I have a piece of code that extracts a slice from one of two large arrays of sorted integers, representing stopping points in the program's workflow. I'll include one of the two here.
The basic idea is that I'm trying to slice a work range out of this large array as a starting point for this program to work on. $min
is pulled from the task object, representing the current progress of the task. $limit
is an optional user override, defaulting to -1
(which is ignored).
Currently, I'm using the firstidx
function from the List::MoreUtils
CPAN module to retrieve the indices for the start and finish, and then I'm using them to slice the @steps
array in the usual way. Is there a faster and/or more idiomatic way of doing this? Particularly, is there a good way to do it by directly using the $min
and $limit
values (with another codepath for the $limit == -1
case)?
Here's the code:
my @steps = (
0, 1, 5, 10,
20, 30, 40, 50, 60, 70, 80, 90, 100,
200, 300, 400, 500, 600, 700, 800, 900, 1000,
1200, 1400, 1600, 1800, 2000,
2500, 3000, 3500, 4000, 4500, 5000,
6000, 7000, 8000, 9000, 10000,
11000, 12000, 13000, 14000, 15000, 17500, 20000,
25000, 30000, 35000, 40000, 45000, 50000,
60000, 70000, 80000, 90000, 100000
);
my $min_index = firstidx { $_ > $min } @steps;
my $max_index;
if ($limit == -1) {
$max_index = @steps - 1;
} else {
$max_index = firstidx { $_ >= $limit } @steps;
}
my @steps_todo = @steps[ $min_index .. $max_index ];
CodePudding user response:
An idiomatic way would be to use grep to select the range. That has the disadvantage that it scans the entire array, which might be a performance point if the array is large and the grep is executed often.

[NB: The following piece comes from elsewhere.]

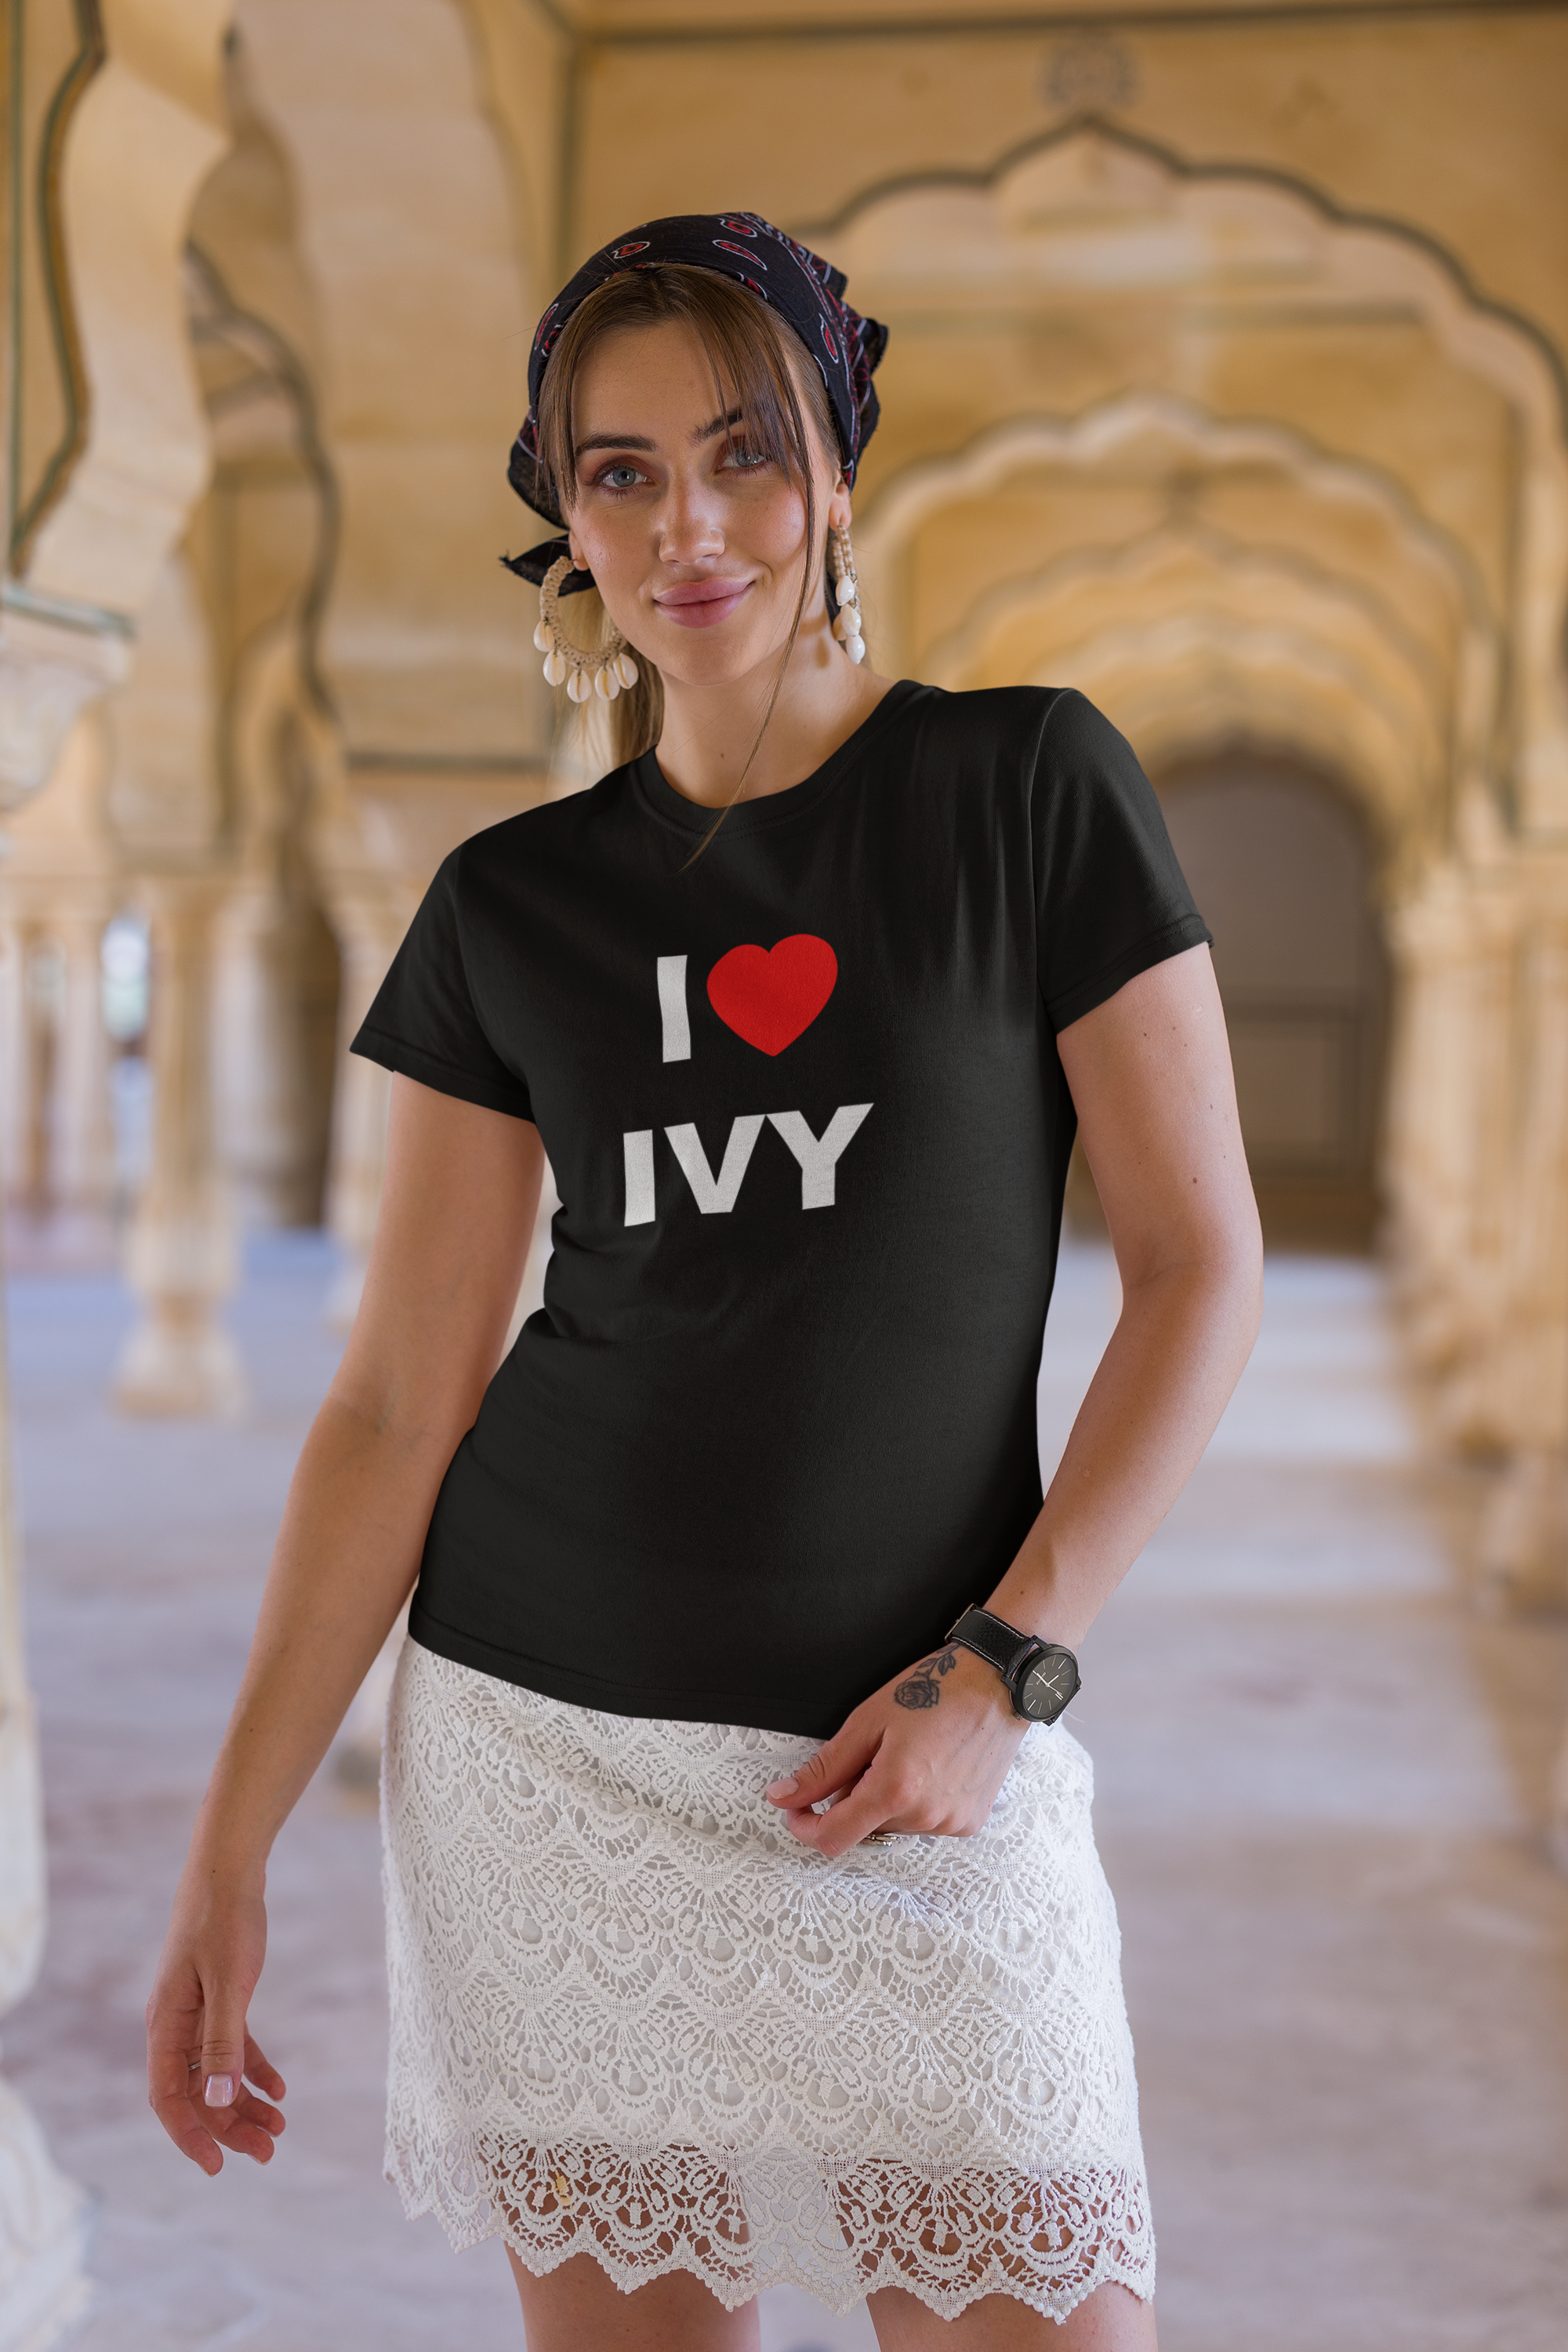 I Love IVY - Shirt Woman

Since the list is sorted, a possibility for performance (but certainly no shorter or simpler) is to use the binary search functions from List::MoreUtils to find the bounds of the range.
CodePudding user response:
You can do this with a simple foreach loop. The flow control keywords control when you start or stop consuming the @steps
array.
I changed the no-limit case to be a defined check since that's more efficient.
This is not the most efficient possible algorithm but it's a simple idomatic way of solving it.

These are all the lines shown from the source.